The third step for me, as I began to cashier again was to stop comparing my life, my expectations with the successful, healthy, and mostly younger people who were shopping at my store. Youthful men and women, passing through my lane, buying food and supplies, transformed from a jealose resentment into something different.

Why would I resent their success? In the words of Dan Millman, The Peaceful Warrior, why would I resent the guy for mowing his own lawn at seven in the morning? Why would I hate the healthy athlete who could run a marathon, just because I could not? How could I find the love and abundance inside myself, to love and appreciate the steady flow of loving and living people before my eyes?

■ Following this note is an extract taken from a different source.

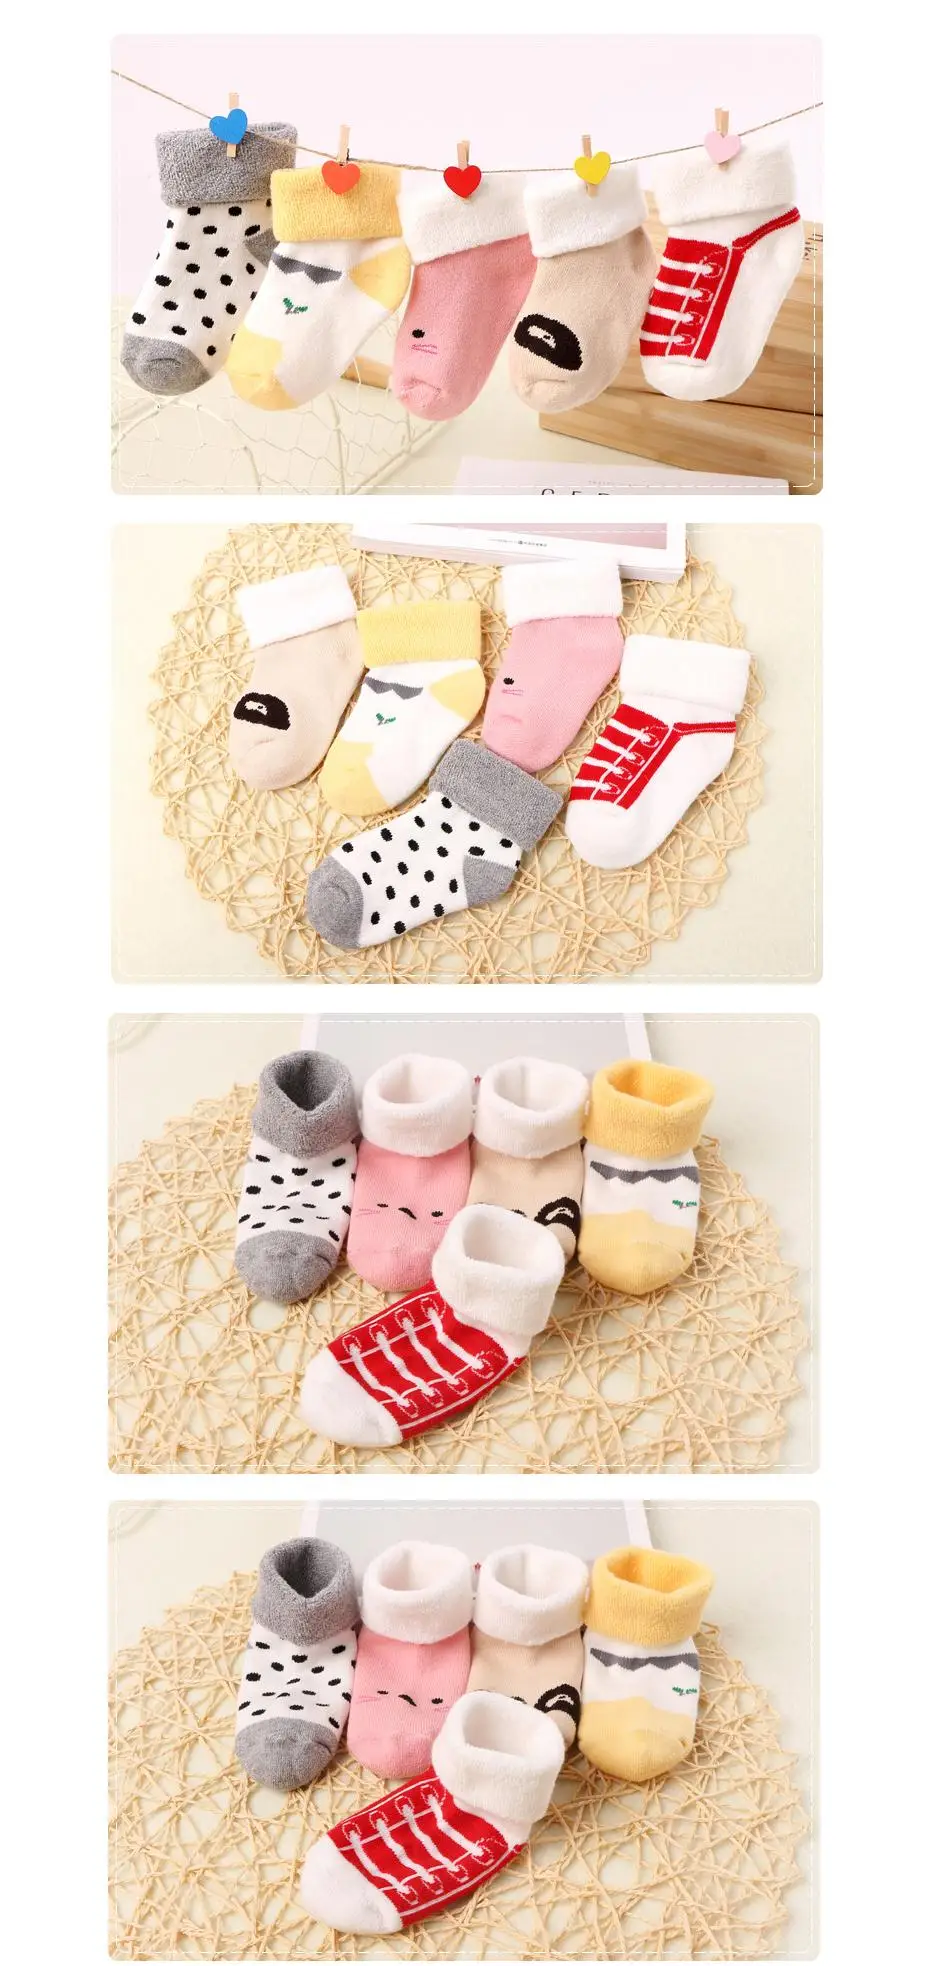 5 пара/лот, зимние носки для маленьких мальчиков хлопковые От 0 до 3 лет Короткие Носки ярких цветов с рисунком для новорожденных девочек

The fourth step, was releasing myself and my time to the universe. Not in a woo-woo way, but in a compassionate and mindful way. I am not here to pass judgement on anyone, resent anyone’s success, health, vibrance. I am here to reserve my own issues and complaints and simply be of service. I had to let go completely of my own agenda, and what I wanted for my life, my kid’s lives, and the lives of my future grandkids.

As I have today off to reflect on my journey, I am grateful I have again been show my own frailty. I have learned to appreciate the health and energy of others. And on good days I can add and match that energy. On low days I can be at peace in my own skin and simply appreciate the human interaction, the connections

The hope I see in others, becomes the hope I have for myself, my life and my own journey.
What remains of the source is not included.